DATA:
+++

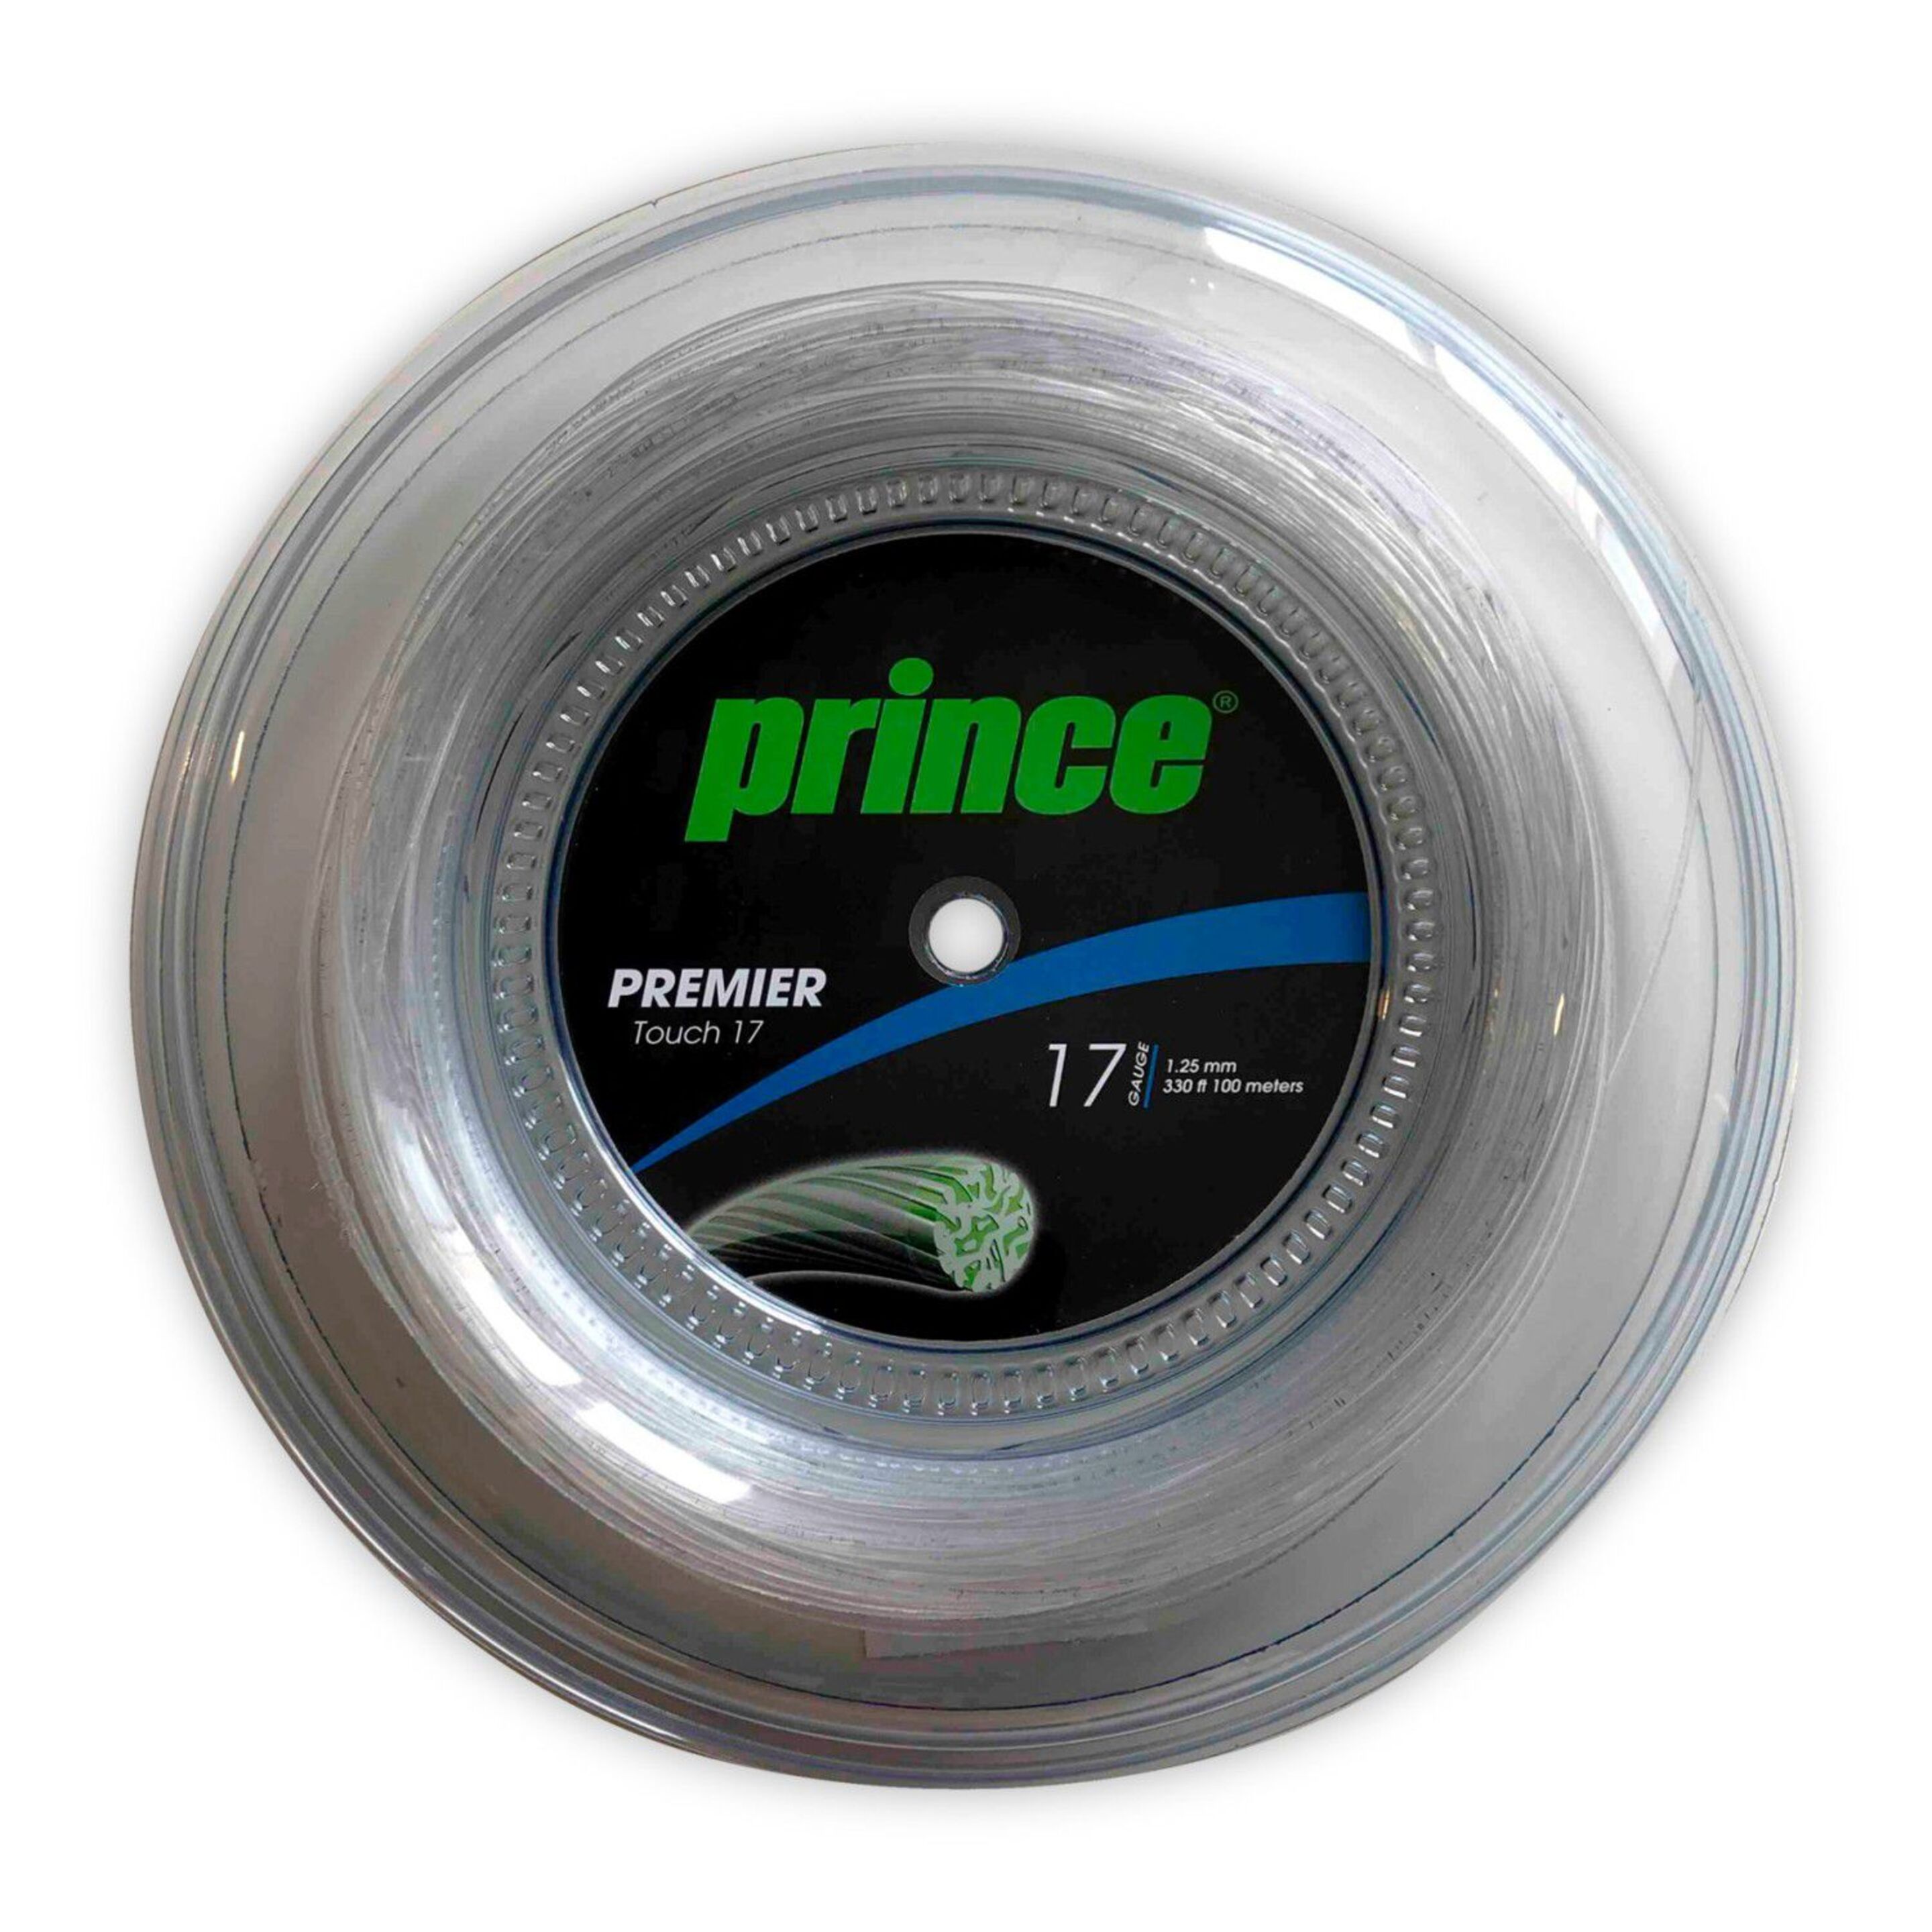 Cordaje De Tenis Prince Premier Touch 17 (1.25 Mm) (100m) - gris - 
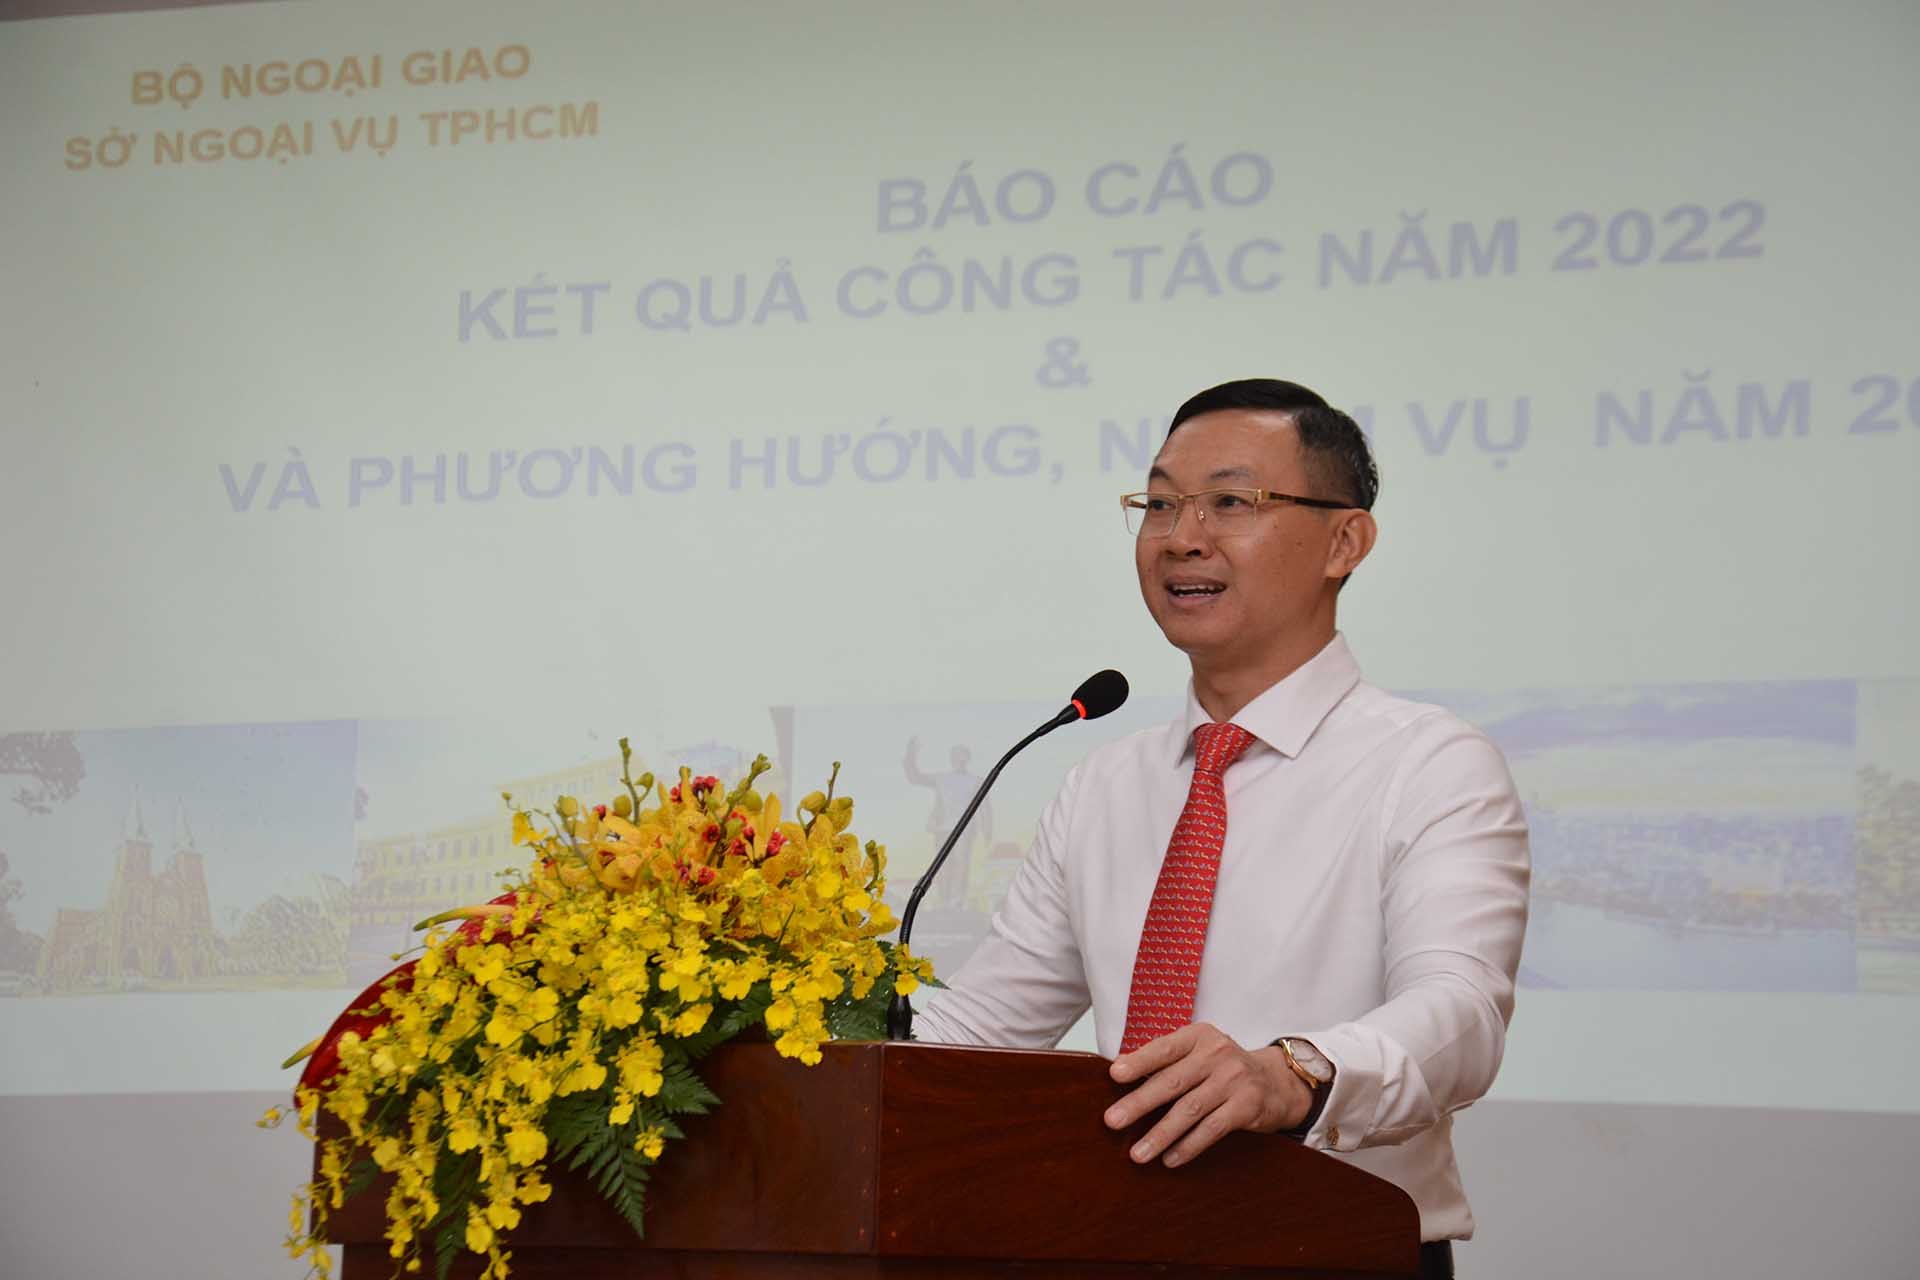 Ông Trần Phước Anh, Giám đốc Sở Ngoại vụ TP. Hồ Chí Minh phát biểu.
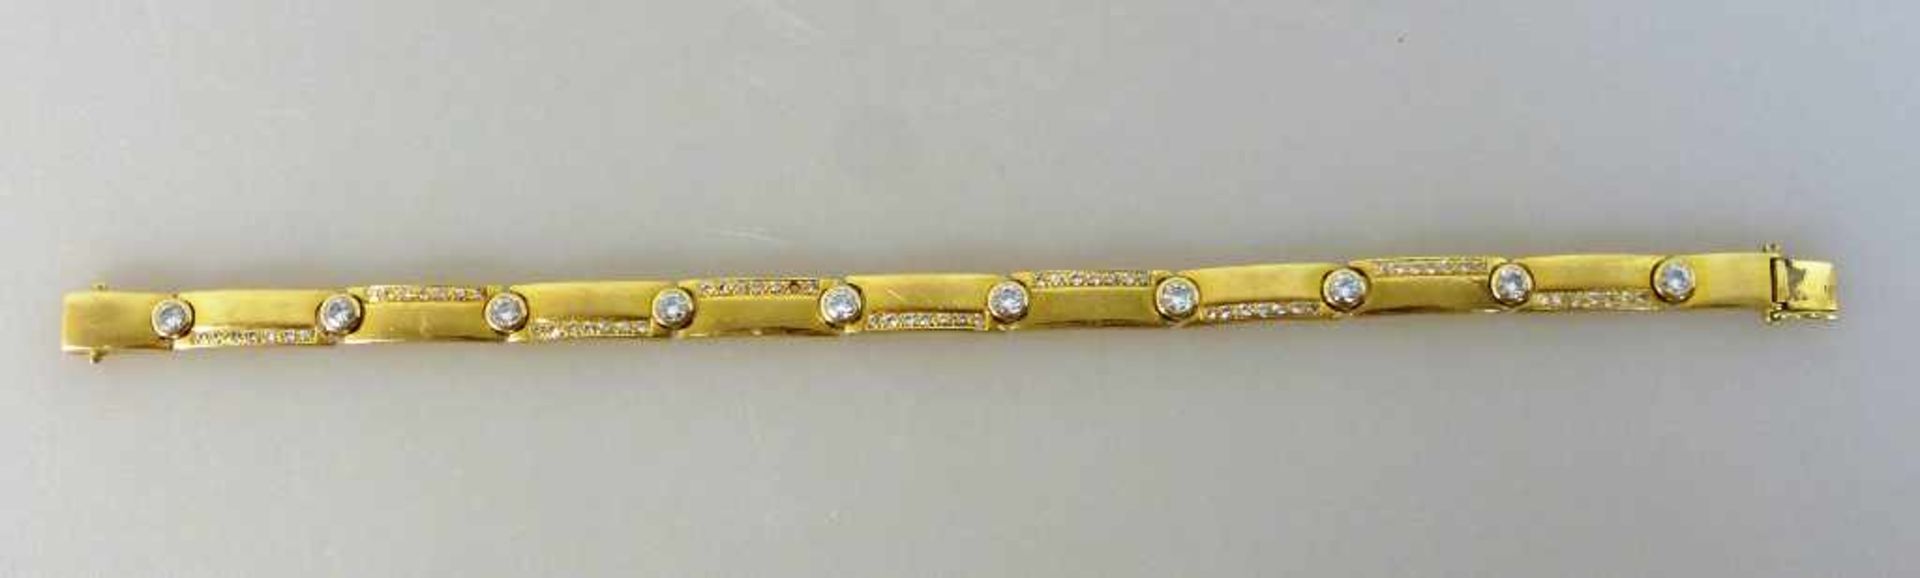 Diamantarmband, Gelbgold 750, besetzt mit 10 Diamanten und 63 Diamantsplitter (1 fehlt),
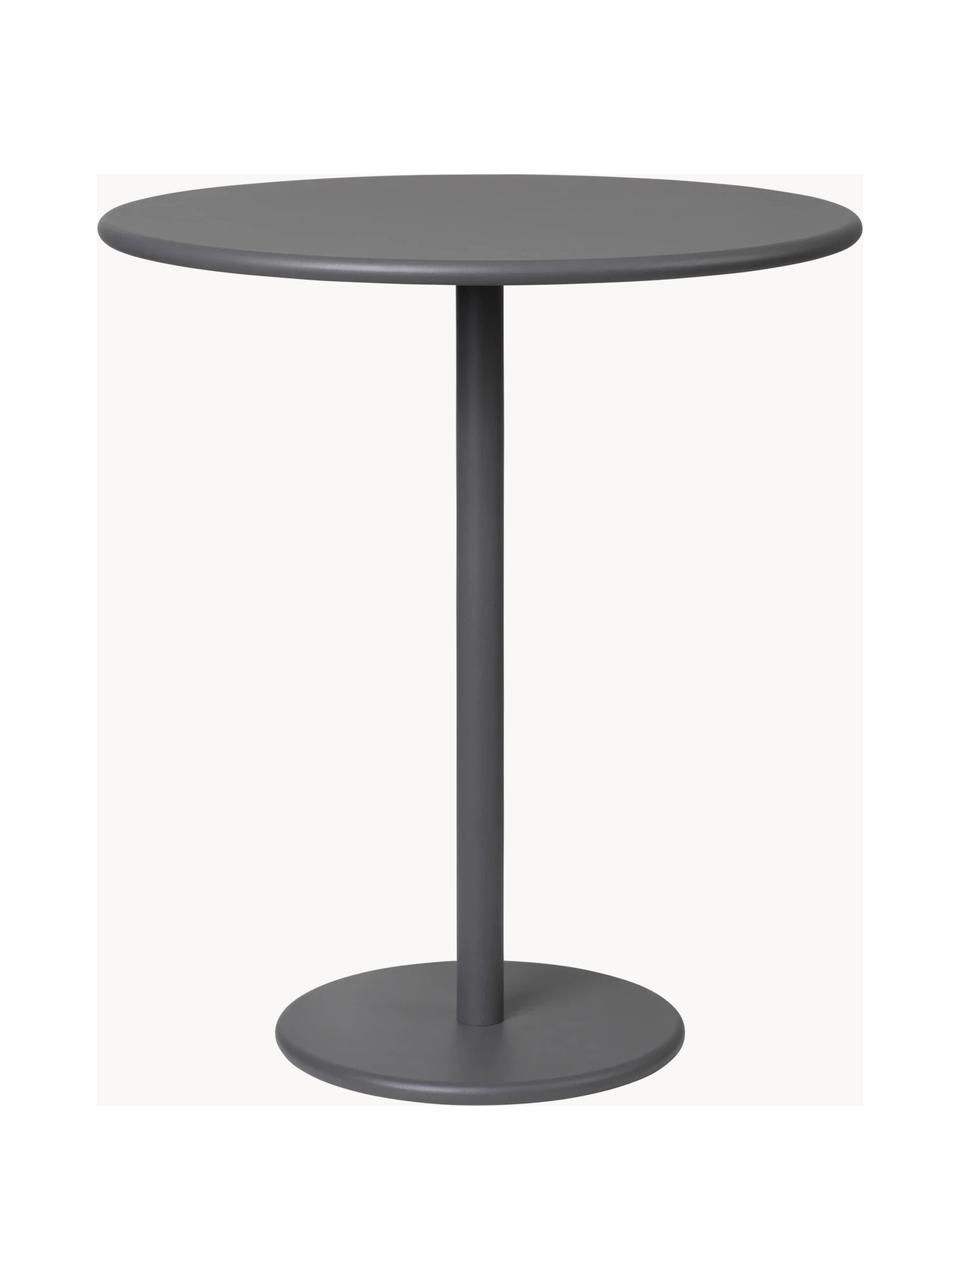 Table d'appoint ronde de jardin Stay, Aluminium, revêtement par poudre, Anthracite, Ø 40 x haut. 45 cm

+++

Nothing but the pictures is to be left out; the rest of the listing should be copied exactly.

FINISHED TASK:
 Cordaje De Tenis Prince Premier Touch 17 (1.25 Mm) (100m) - gris - 
 Ông Trần Phước Anh, Giám đốc Sở Ngoại vụ TP. Hồ Chí Minh phát biểu.
 Diamantarmband, Gelbgold 750, besetzt mit 10 Diamanten und 63 Diamantsplitter (1 fehlt),
 Table d'appoint ronde de jardin Stay, Aluminium, revêtement par poudre, Anthracite, Ø 40 x haut. 45 cm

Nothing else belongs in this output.